The better way here is to use Floyd algorithm which runs in O(|V|^3).
void Floyd(vector<vector<int> >&f){
int n=f.size();
for(int k=0;k<n;k++)
for(int i=0;i<n;i++)
for(int j=0;j<n;j++)
f[i][j]=min(f[i][j],f[i][k]+f[k][j]);
}
The Dijkstra get the distance from one vertex to each vertex once time which runs in O(|E| + |V|log*|V|) using fibonacci heap. Using STL priority_queue there is no update method, the substitute method is inserting the new node each time instead of update the priority. (Here my first time using STL priority queue and suffering a long time to fix a tiny bug in function object passed as priority_queue template :(
struct Node{
int p,v;
Node(int a,int b):p(a),v(b){}
};
struct cmp{
bool operator()(const Node& n1, const Node& n2){
return n1.v>n2.v;
}
};
void Dijkstra(vector<vector<int> >&f){
int n=f.size();
for(int s=0;s<n;s++){
vector<bool> vis(n,false);
priority_queue<Node,vector<Node>,cmp> pq;
for(int i=0;i<n;i++)
pq.push(Node(i,f[s][i]));
while(!pq.empty()){
int v=pq.top().p;
pq.pop();
if(vis[v])continue;
vis[v]=true;
for(int i=0;i<n;i++)
if(f[s][i]>f[s][v]+f[v][i]){
f[s][i]=f[s][v]+f[v][i];
pq.push(Node(i,f[s][i]));
}
}
}
}
The source code can be found at StackOverflow. (But a critical fault he made there)

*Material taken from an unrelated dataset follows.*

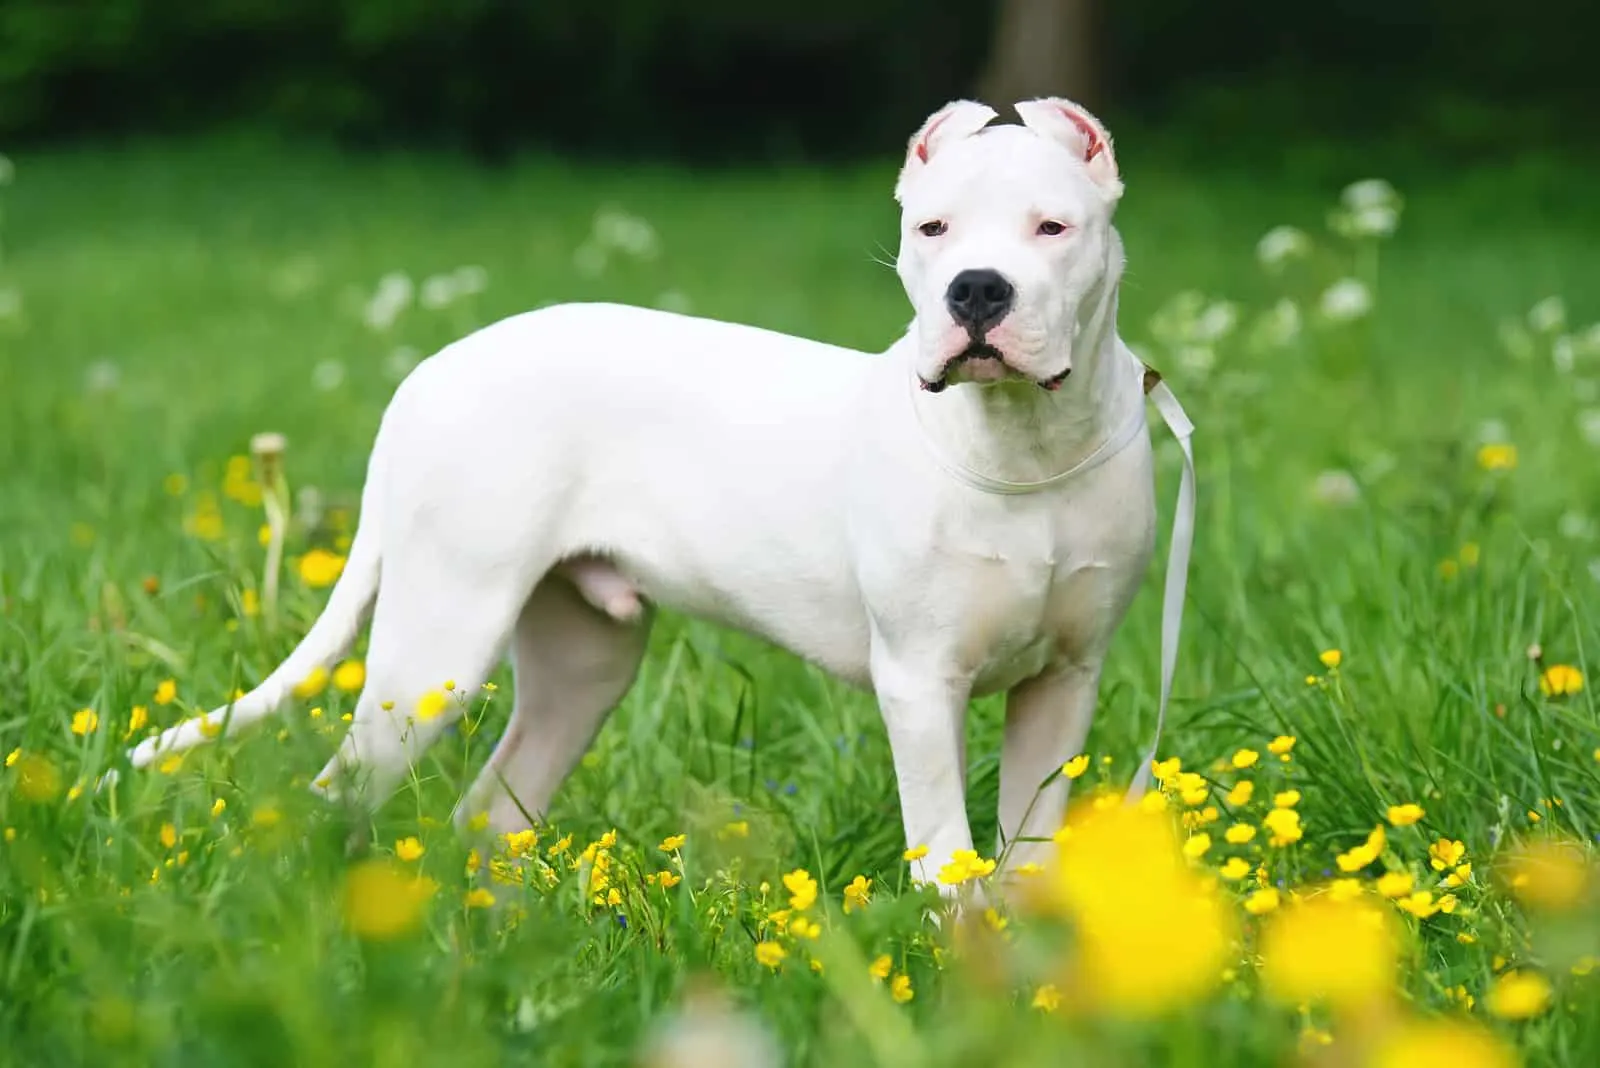 Dogo Argentino dog with cropped ears staying outdoors

Note.(1) The template parameters of STL priority_queue. The compare function said that
The expressioncomp(a,b)
, where comp is an object of this type and a and b are elements in the container, shall returntrue
if a is considered to go before b in the strict weak ordering the function defines.
Thus in the Dijkstra algorithm the node with smaller value has higher priority. The Compare function should be n1.v>n2.v
Note.(2) Say in the Dijkstra algorithm, we init the distance array int d[]={INT_MAX}. After that we use the condition if d[x]+y the attention should be paid that overflow might happen.